There wasn’t enough clarity to be certain of the male voice, but alarm shot through Alisha’s body, turning her fingertips cold and raising more goose bumps. The window locked from the inside; there was nothing she could do to fix that in the moments she had. She turned the noise generator back on, feeling static wash over her as it began to hiss, and popped the lock open. The window opened with more ease than she’d expected, for which she was grateful as she rolled out onto the fire escape and slid the pane shut behind her. The scent of rusty, sun-heated metal filled her nose as she ran a dozen steps to the nearest ladder and scrambled up, pulling a face at herself. It drove her crazy when the fleeing heroes in movies ran for the rooftops instead of the streets, but it was human nature to look down first. If it’d been Reichart approaching his room, the extra seconds might be all she needed to escape unnoticed.
She pulled herself over the edge of the roof moments later, the punctured muscle in her right biceps protesting. Alisha held her stomach taut, trying not to drag it over the building’s edge, then rolled onto her back, heedless of smearing dirt on her new T-shirt and jeans. She could feel blood gathering beneath the bandage on her arm, though the shallow slice on her belly didn’t seem to have reopened. “Yo
u know how to have a good time, Leesh,” she muttered.
A cautious peek over the building’s edge assured her that the rust on the fire escape hadn’t been disturbed by her passing. She drew back a few centimeters, still watching as a window banged open beneath her and Reichart poked his head out. Alisha retreated, certain he hadn’t seen her, and ran on tiptoe to the building-access door on the roof. The lock was older than she was and came open with an easy click. A moment later the door shut quietly behind her, leaving no trace of her passage across the building top.

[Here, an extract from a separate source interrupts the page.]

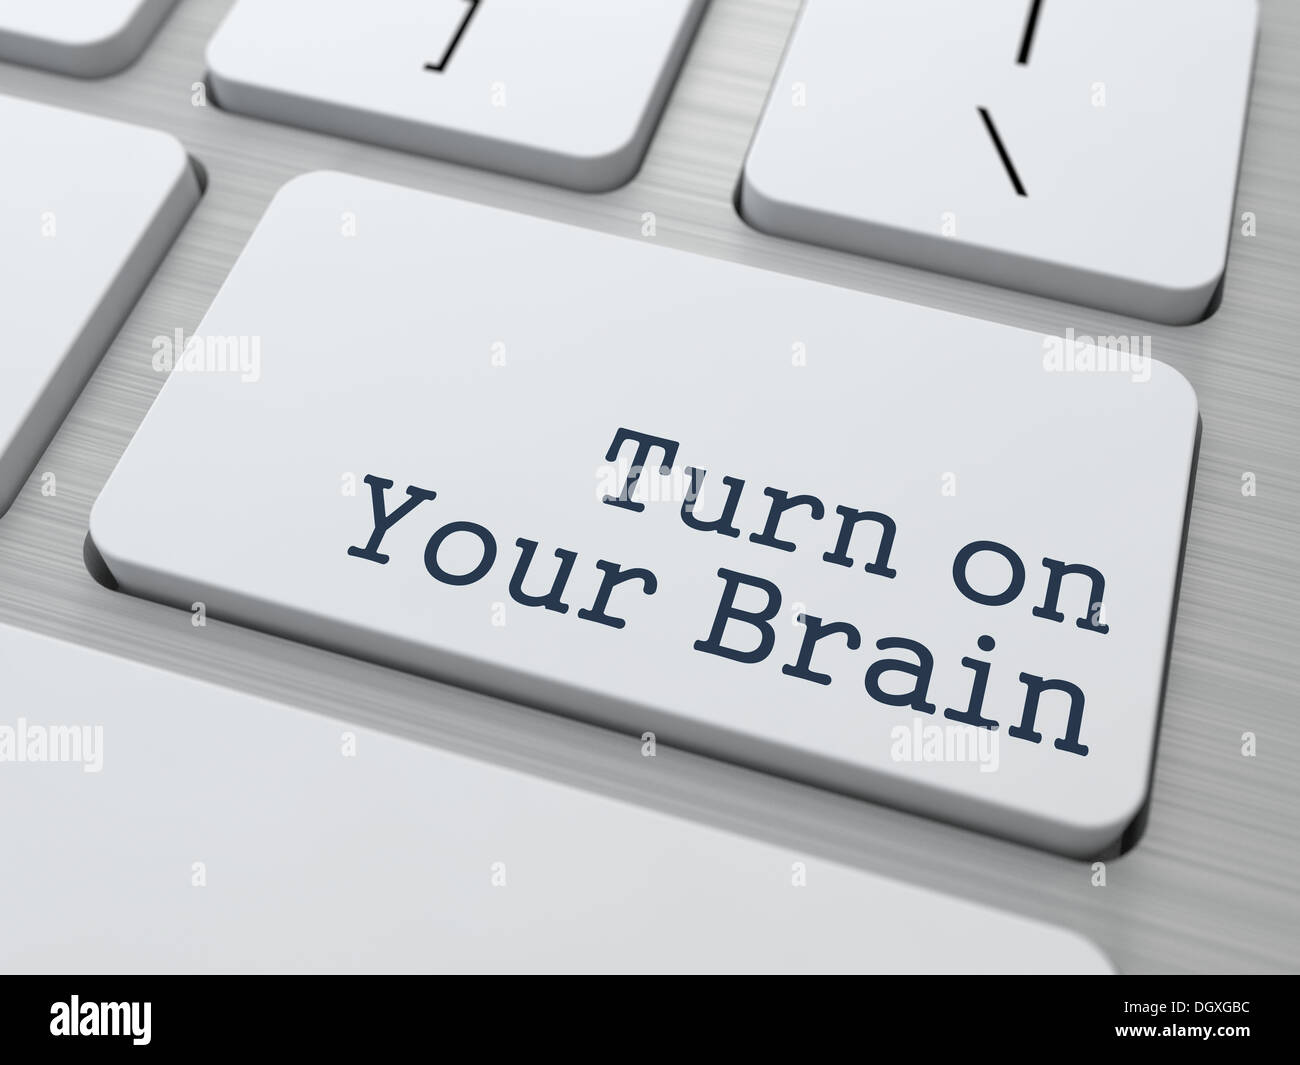 Turn On Your Brain. Motivation Concept. Stock Photo

Less than an hour later, Alisha elbowed her way into her own small hotel room and dumped newspapers and a thick, squat book onto its desk. The room was paid for in cash and the clerk was discreet enough that he hadn’t required identification, exactly what she wanted. She’d paid for a full night, and taken the clerk’s faint smile as acknowledgment that like most of the business’s patrons, it would be pretended she actually required the room for more than an hour or two’s service. Assuming no undue pressure, she had a reasonable alibi for the next twenty-four hours.
The cell phone had fallen out of the bag of papers and lay next to her elbow, accusingly silent. Alisha pressed her lips together, then pushed it aside, letting it thud back into the canvas tote. It wasn’t breaking rules until she knew what the decision had been, she reminded herself. She would call in soon. As soon as she’d gone through the papers. It was a promise to herself, but Alisha didn’t know if she would keep it.
She pushed a small lamp to the back of the desk so she could open the papers to the puzzle pages. Black-and-white squares and cryptic clues looked up at her, making her lift her shoulders and put her teeth together. Muscle knotted in her neck, bringing with it the memory of grumpy headaches in elementary and junior high school whenever “fun” extra credit like crosswords was handed out. Even now, twenty years later, the prospect of struggling with wordplays and inside jokes made her grind her teeth with preemptive frustration.